Grad-school dropout Matt Fuller is toiling as a lowly research assistant at MIT when, while measuring quantum relationships between gravity and light, his calibrator disappears - and reappears, one second later. In fact, every time Matt hits the reset button, the machine goes missing twelve times longer.
After tinkering with the calibrator, Matt is convinced that what he has in his possession is a time machine. And by simply attaching a metal box to it, he learns to send things through time - including a pet-store turtle, which comes back no worse for wear.
With a dead-end job and a girlfriend who left him for another man, Matt has nothing to lose by taking a time machine trip for himself. So he borrows an old car, stocks it with food and water, and ends up in the near future - under arrest for the murder of the car's original owner, who dropped dead after seeing Matt disappear before his eyes. The only way to beat the rap is to continue time travelling until he finds a place in time safe enough to stop for good. But such a place may not exist...

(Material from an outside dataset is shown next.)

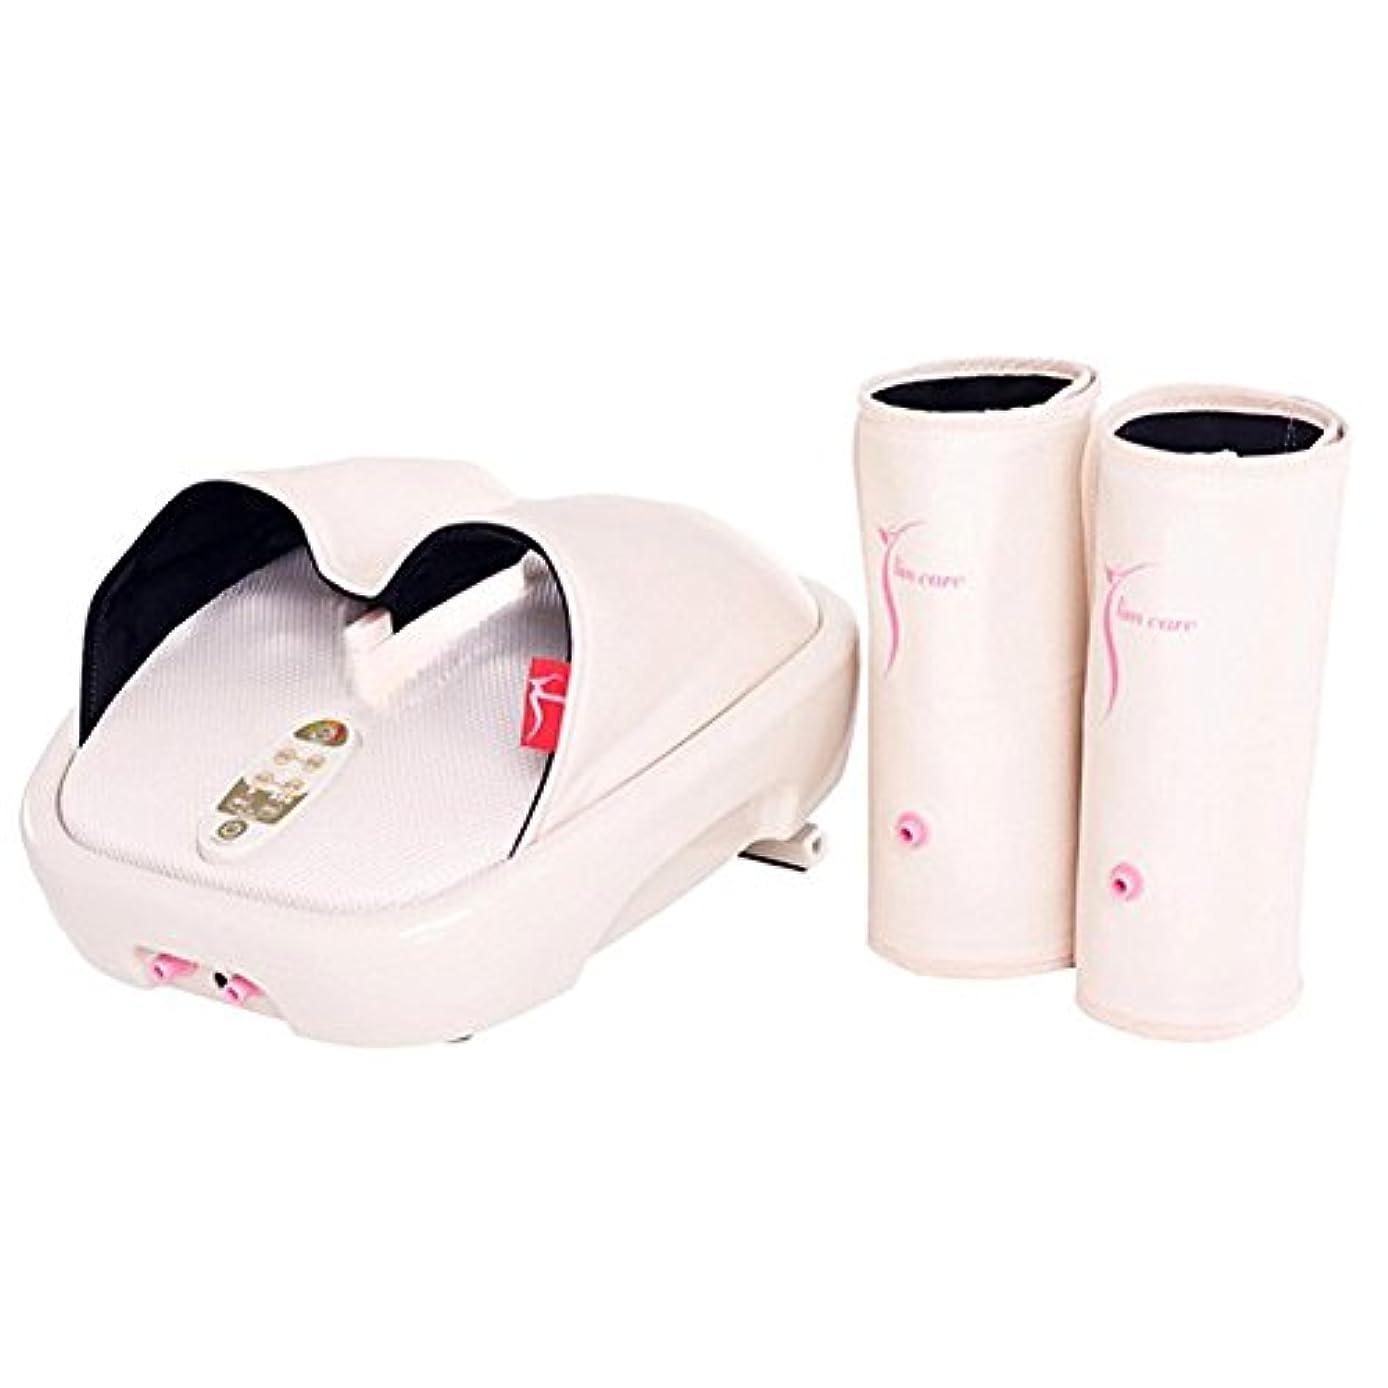 ギネスパワー安らぎHanil 532 Y-Liner HIL-9000F Air Compression Heating Foot Massager with Calf Cuff ハニール532 YライナーHILL-9000Fエアコンプレッションヒートフットマッサージャー...

Joe Haldeman was born in Oklahoma in 1943 and studied physics and astronomy before serving as a combat engineer in Vietnam, where he was severely wounded and won a Purple Heart. The Forever War was his first SF novel and it won both the Hugo and Nebula awards, a feat which The Forever Peace repeated. He is also the author of, among others, Mindbridge, All My Sins Remembered, Worlds, Worlds Apart and Worlds Enough and Time.